• [DATASET EXTRACT]

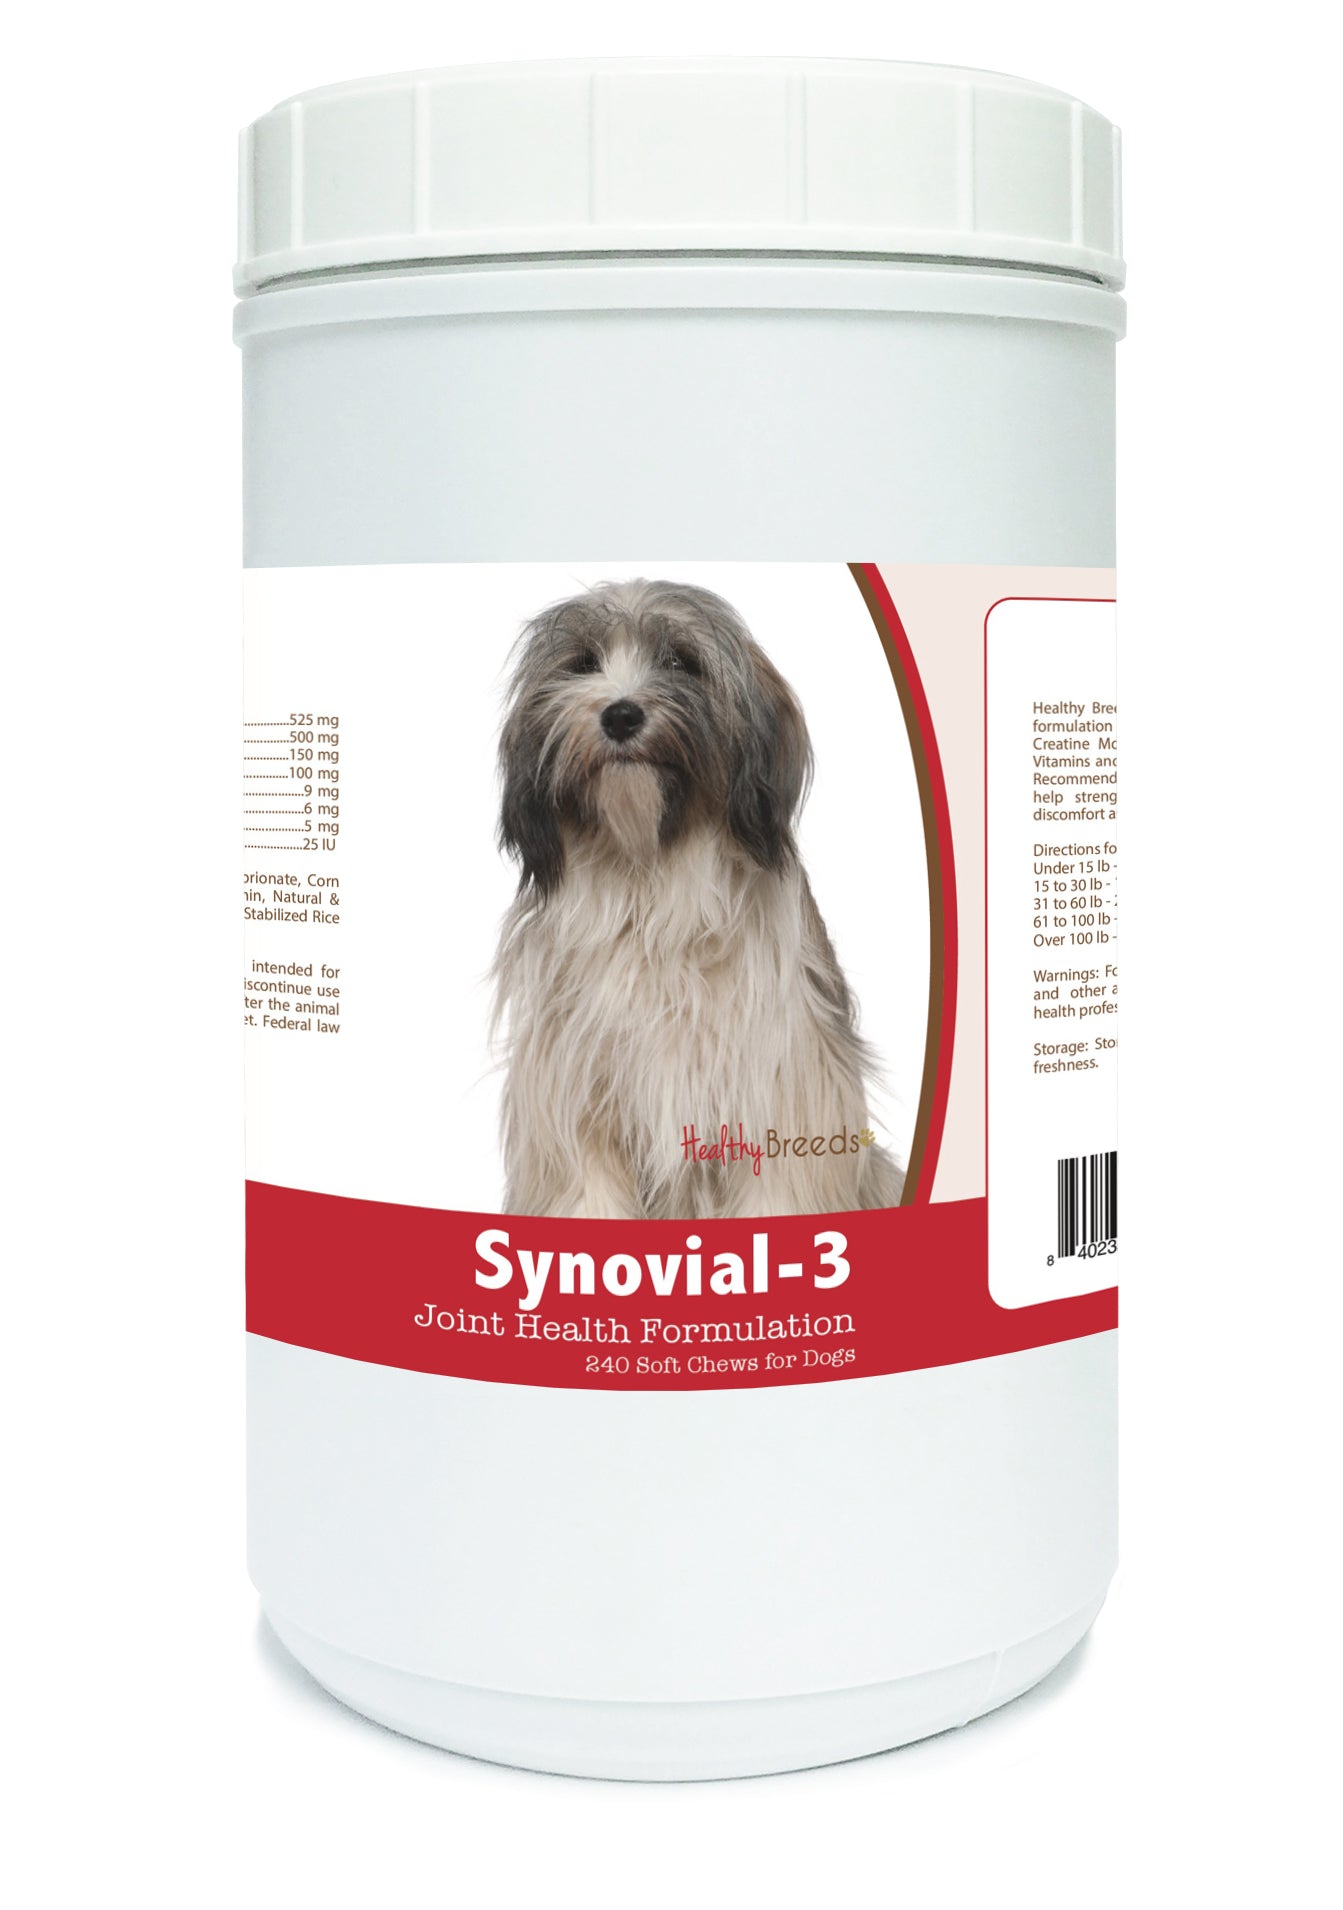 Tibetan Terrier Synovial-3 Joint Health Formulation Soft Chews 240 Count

---

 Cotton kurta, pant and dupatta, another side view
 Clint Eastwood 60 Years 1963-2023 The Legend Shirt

==

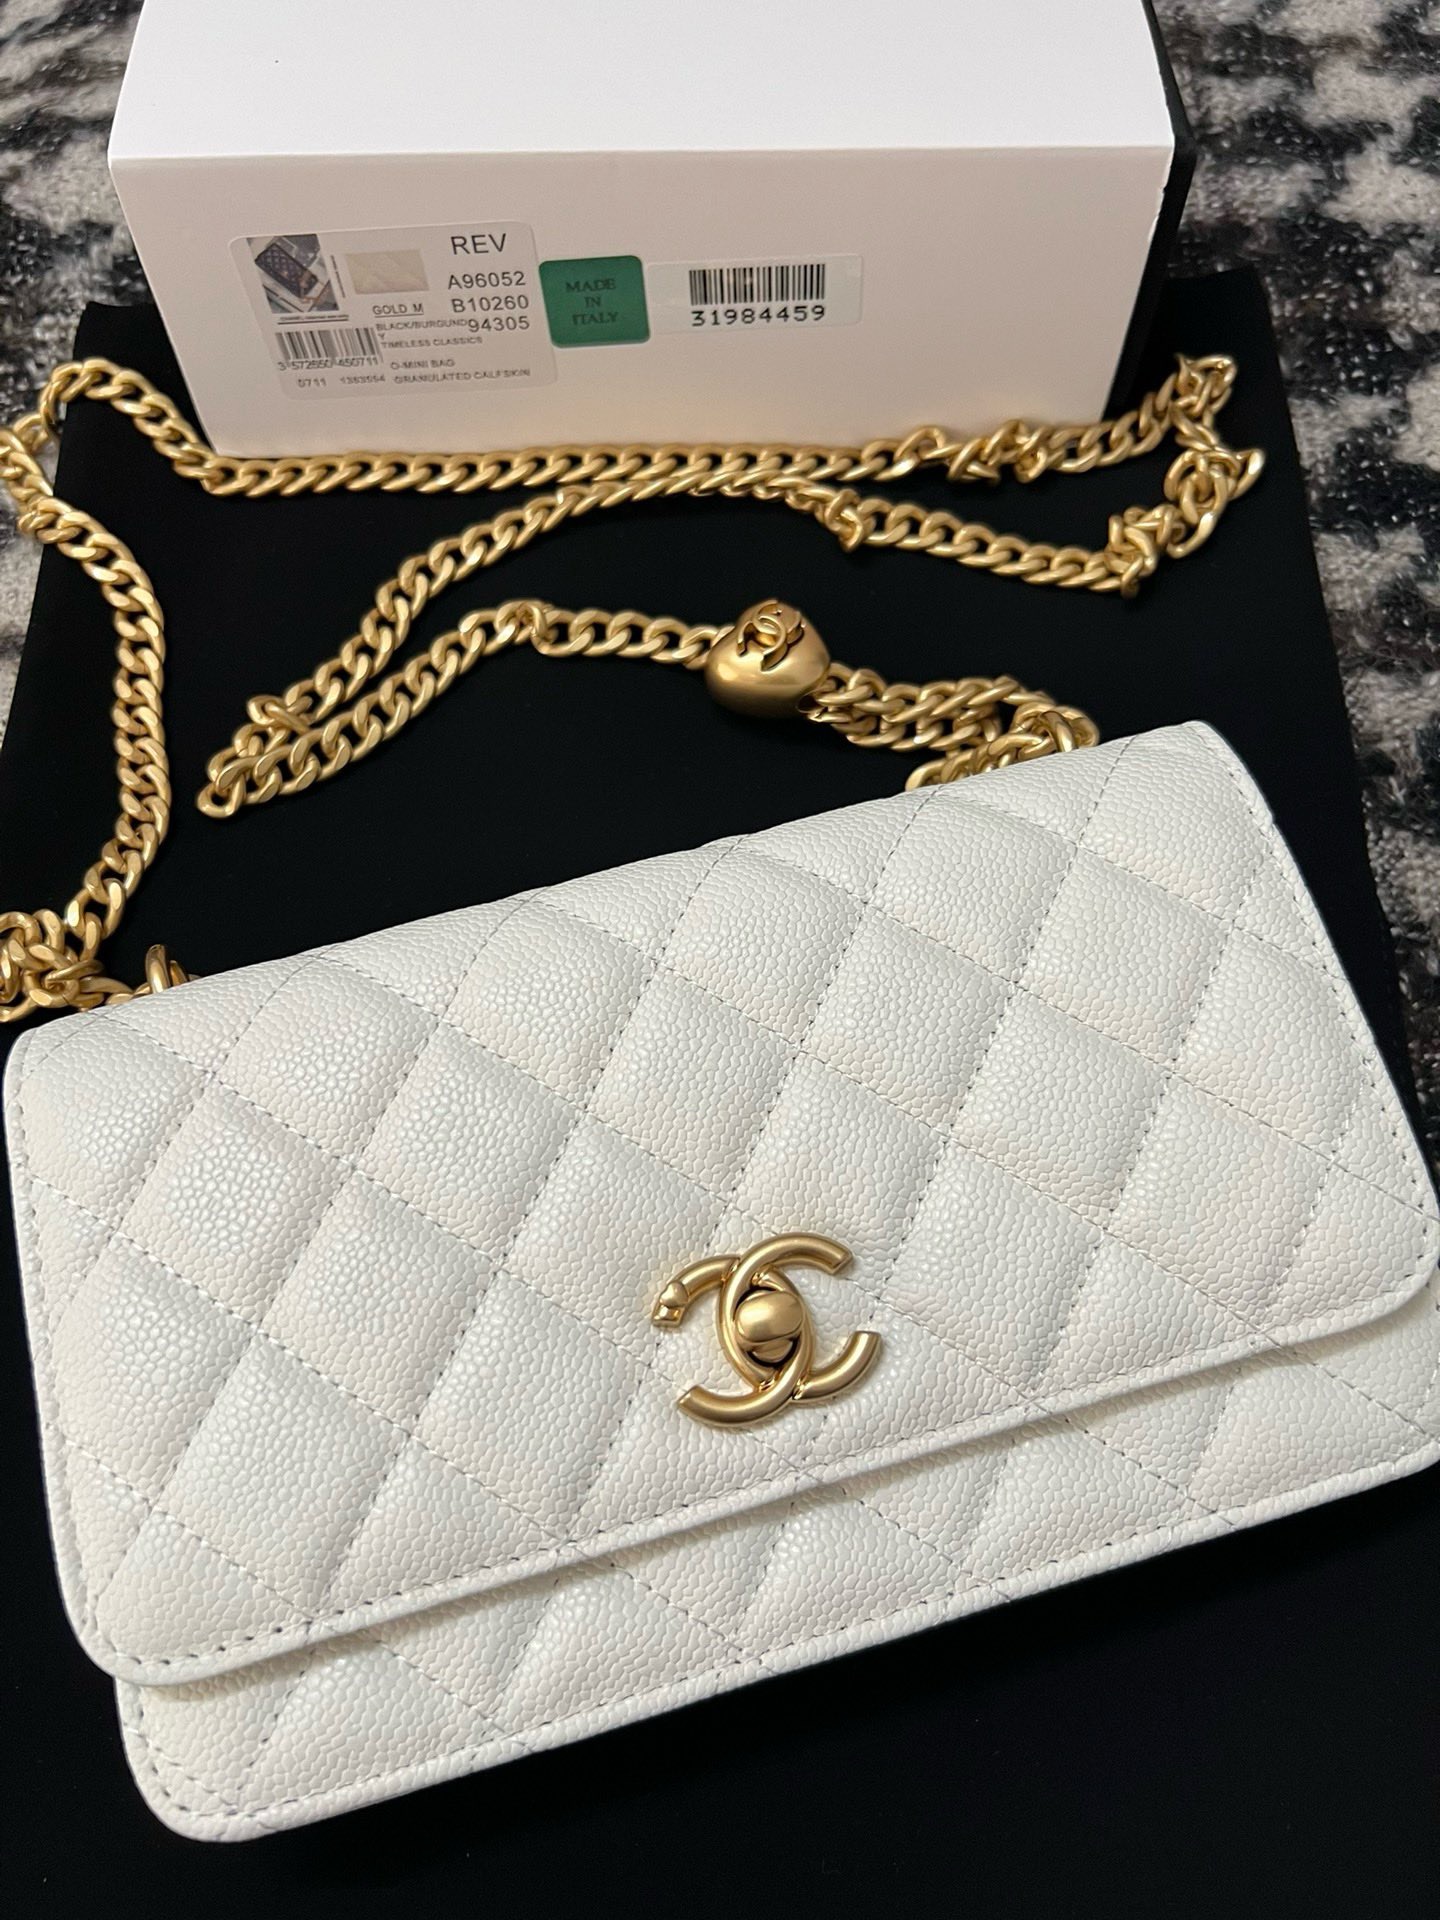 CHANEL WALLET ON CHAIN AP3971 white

• [WHAT THE TASK ASKS]
Using the entries above, repeat only the lines from the one containing "Cotton kurta, pant" through the one containing "Clint Eastwood 60", end lines included.

• [EXERCISE SOLUTION]
 Cotton kurta, pant and dupatta, another side view
 Clint Eastwood 60 Years 1963-2023 The Legend Shirt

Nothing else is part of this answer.